The country’s economy continues in turbulence with some retail outlets now reducing business hours while the fuel situation is deteriorating with diesel, which is the engine of industry, in short supply.

This is despite government’s continued call for citizens not to panic; amid promises to resolve the crisis triggered by an acute shortage of foreign currency and new fiscal and monetary measures that separated bank accounts for US dollar and RTGS and introduced the 2 % tax on electronic transactions.

NewsDay Weekender observed that some retail outlets now open two hours late and close two hours earlier than the usual business hours.

Most OK Zimbabwe supermarkets in the high density suburbs, whose prices remained reasonable compared to their competitors, were now using a small entrance and customers were made to queue outside and allowed to enter in batches of 20.

OK Zimbabwe commercial director Albert Katsande said the unprecedented panic buying depleted stocks and they decided to reduce working hours until they manage to restock.

“We will revert to normal trading hours once we have fully restocked the stores,” Katsande said.

He said the supermarket resorted to queuing outside as a crowd control measure to avoid a situation where customers stampede for certain goods.

NewsDay also observed that prices of commodities continued to rise while most service stations were also without fuel yesterday, particularly diesel, with kombis spending the better part of the day in long queues.

This was despite assurance by Energy minister Joram Gumbo on Wednesday that the situation was stabilising.

Government yesterday said it was alive to the challenges the country was facing.

“I am in the studio right now with the Minister of Finance and we are not denying challenges,” Ndavaningi Mangwana, the permanent secretary in the Ministry of Information and Publicity said on Thursday.

Ncube on Tuesday said government had no control over the spiralling parallel market rates of the US dollar which had triggered a wave of price hikes.

But Zimbabwe Cross Border Traders Association president, Killer Zivhu, said multitudes of Zimbabweans were suffering as a result of exorbitant parallel market rates which have resulted in workers demanding salary increments.

“The exchange rates are really affecting the market right now. Three quarters of the population is not employed and they are also being affected by these rates because other shops are now demanding US dollars and rejecting EcoCash and swipe,” Zivhu said.

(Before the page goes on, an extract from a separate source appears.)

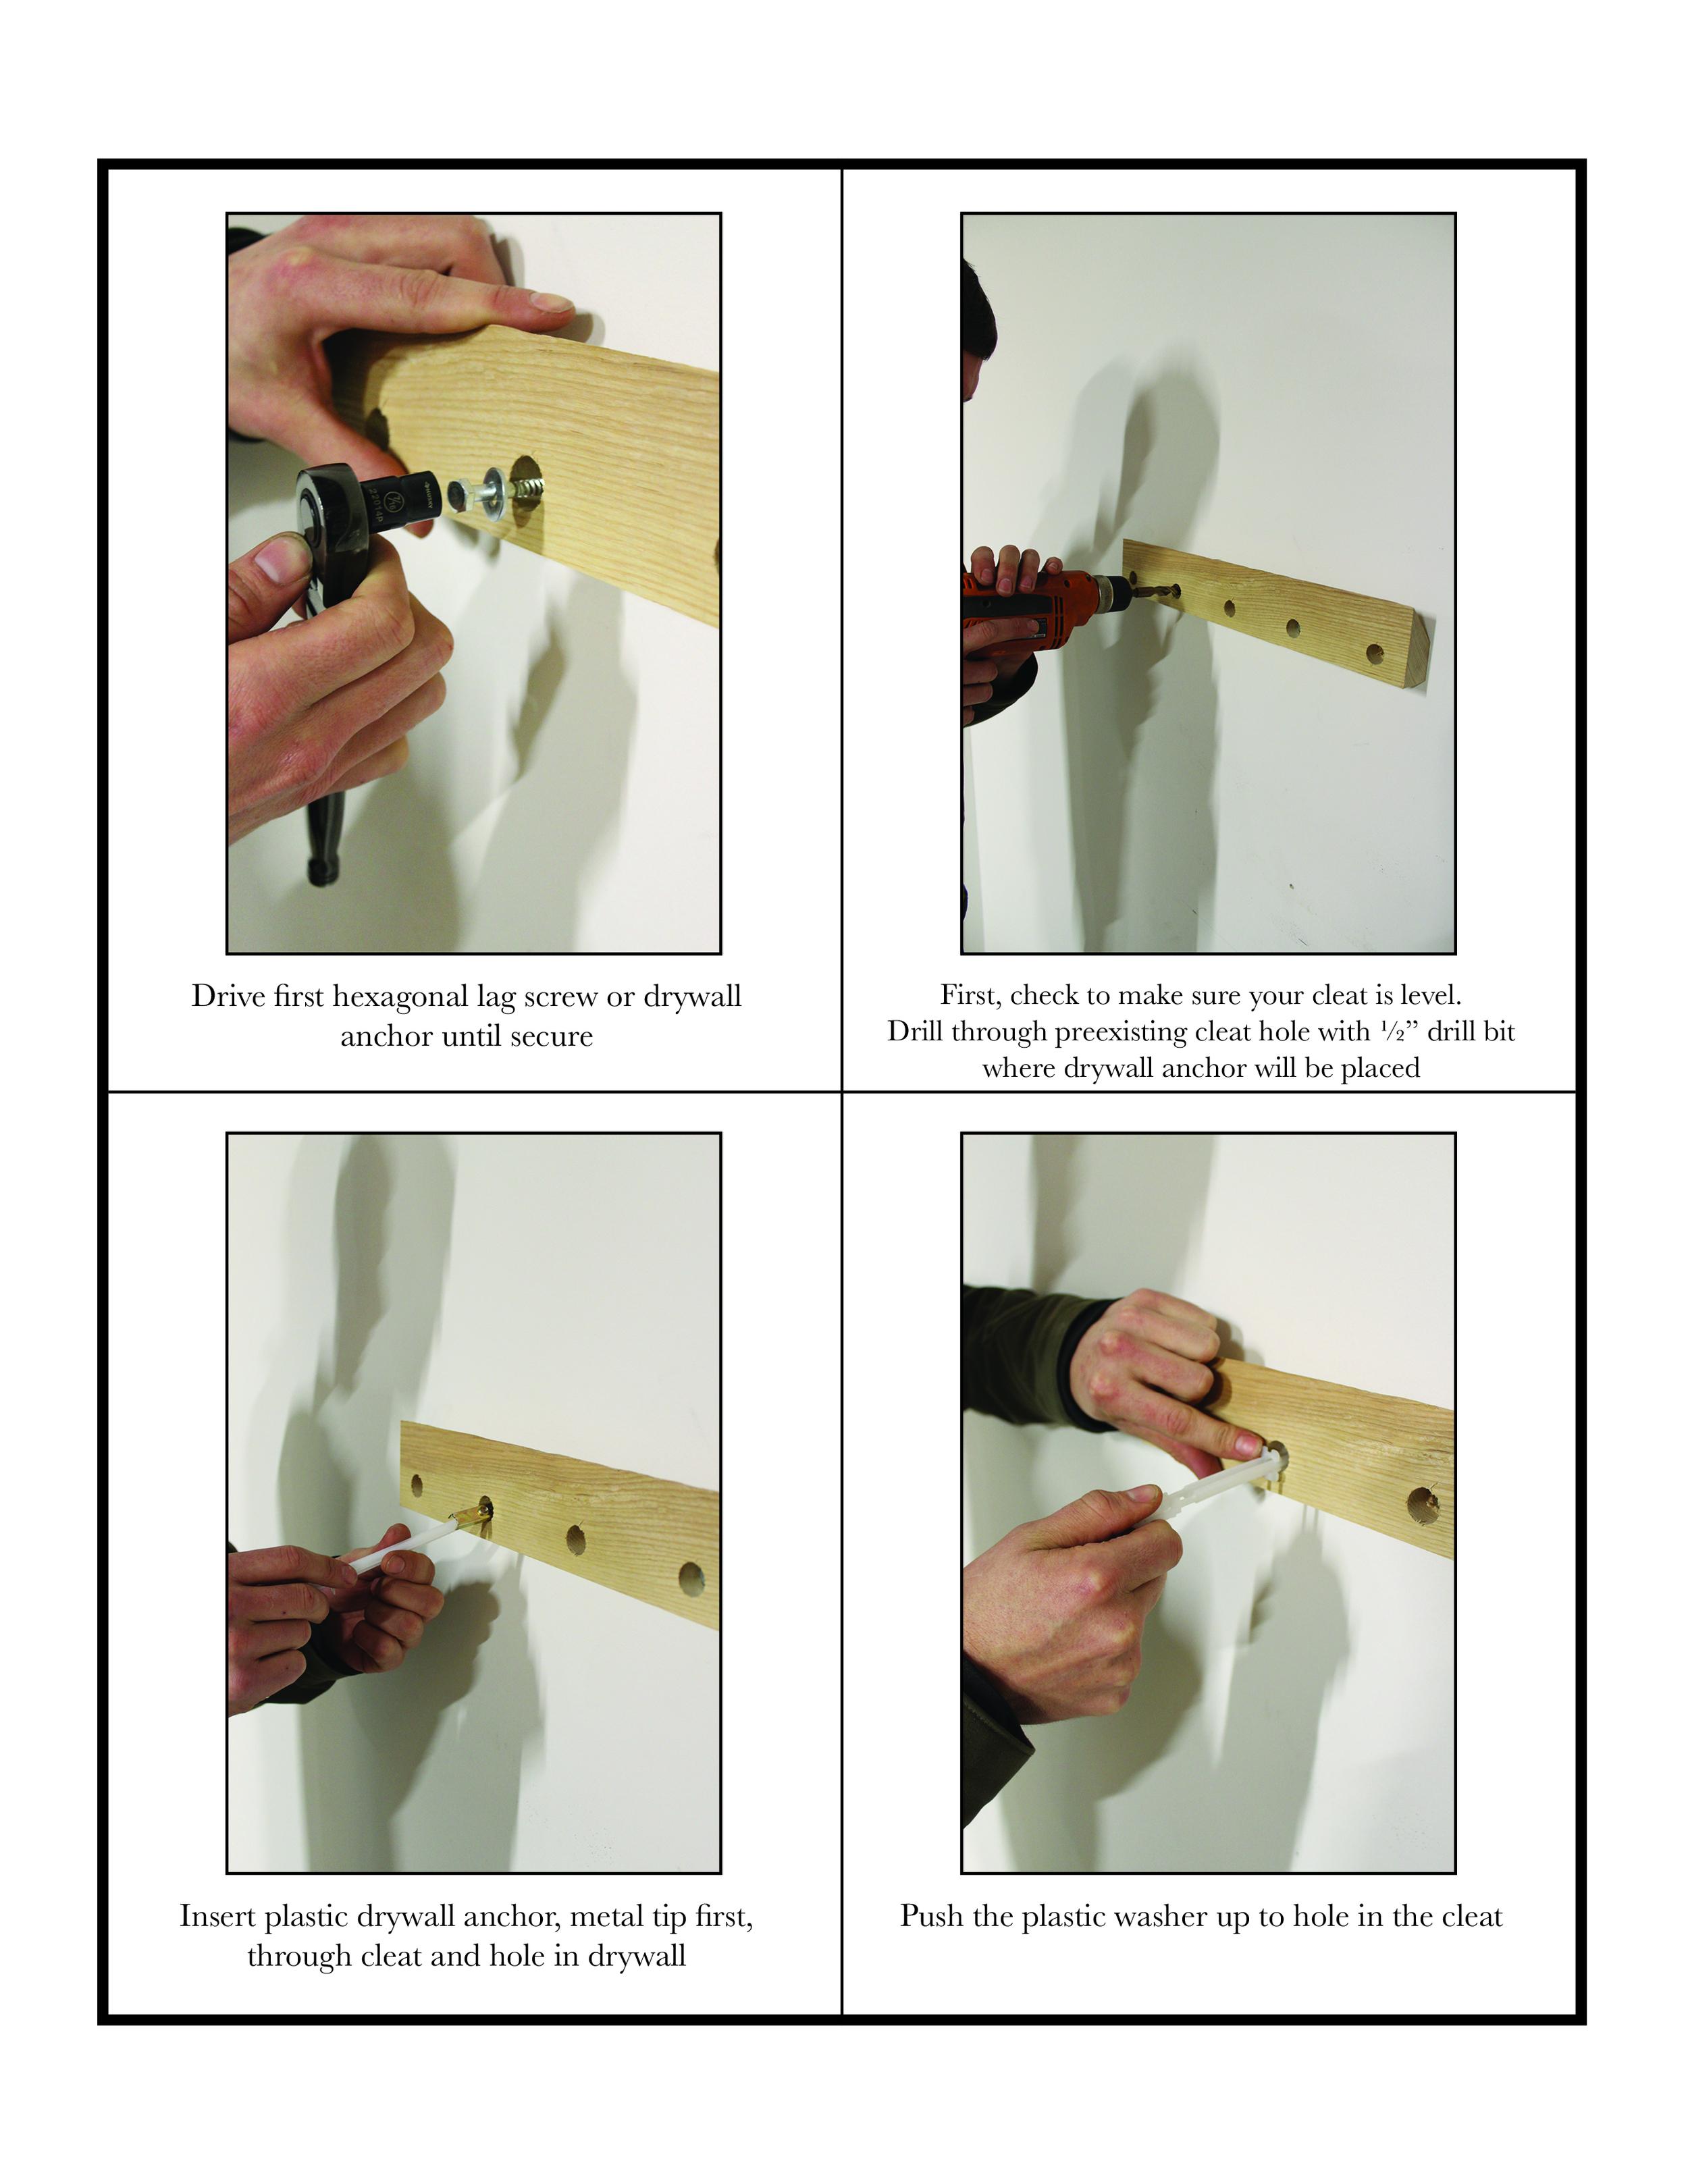 installationinstructions4.jpg
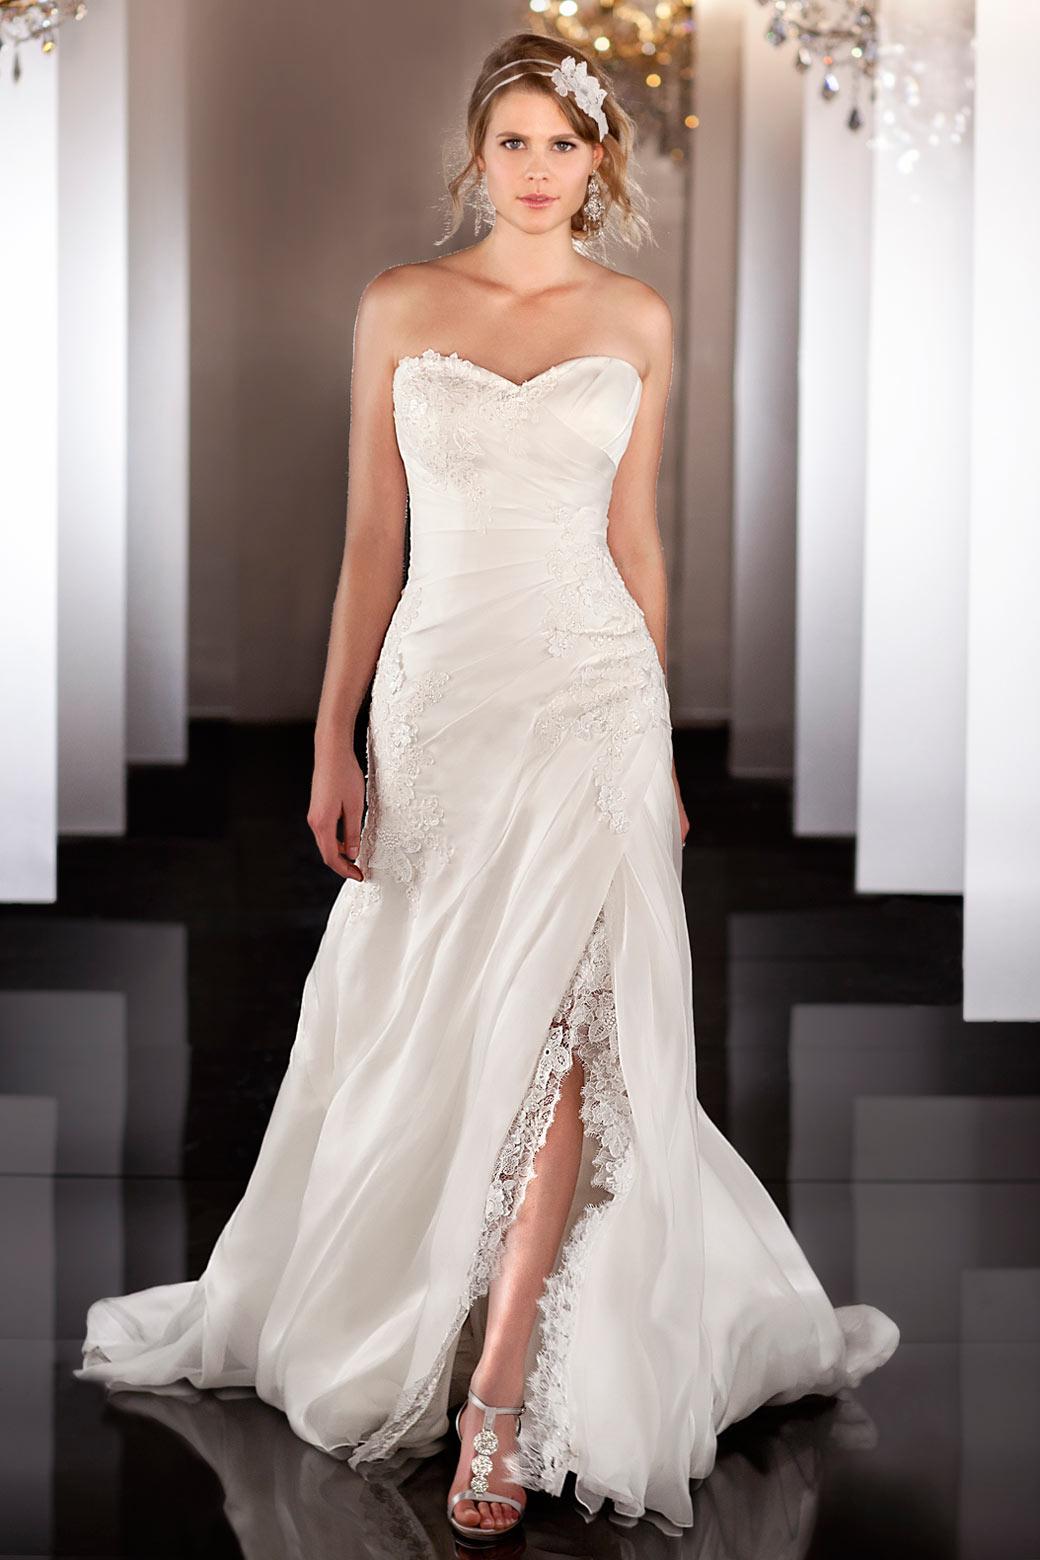 Robe de mariee, le modèle de vos rêves

He said the US dollar parallel market rates were being fuelled by foreign business owners charging higher prices for goods and then purchase US dollar on the market and repatriate profits back home where they would have acquired the goods using their local currencies.

Zivhu said the Zimbabwe Revenue Authority should increase check points at borders to reduce smuggling and ask people to reveal their sources of foreign currency if declaring goods worth more than $200 in order to deal with the parallel market.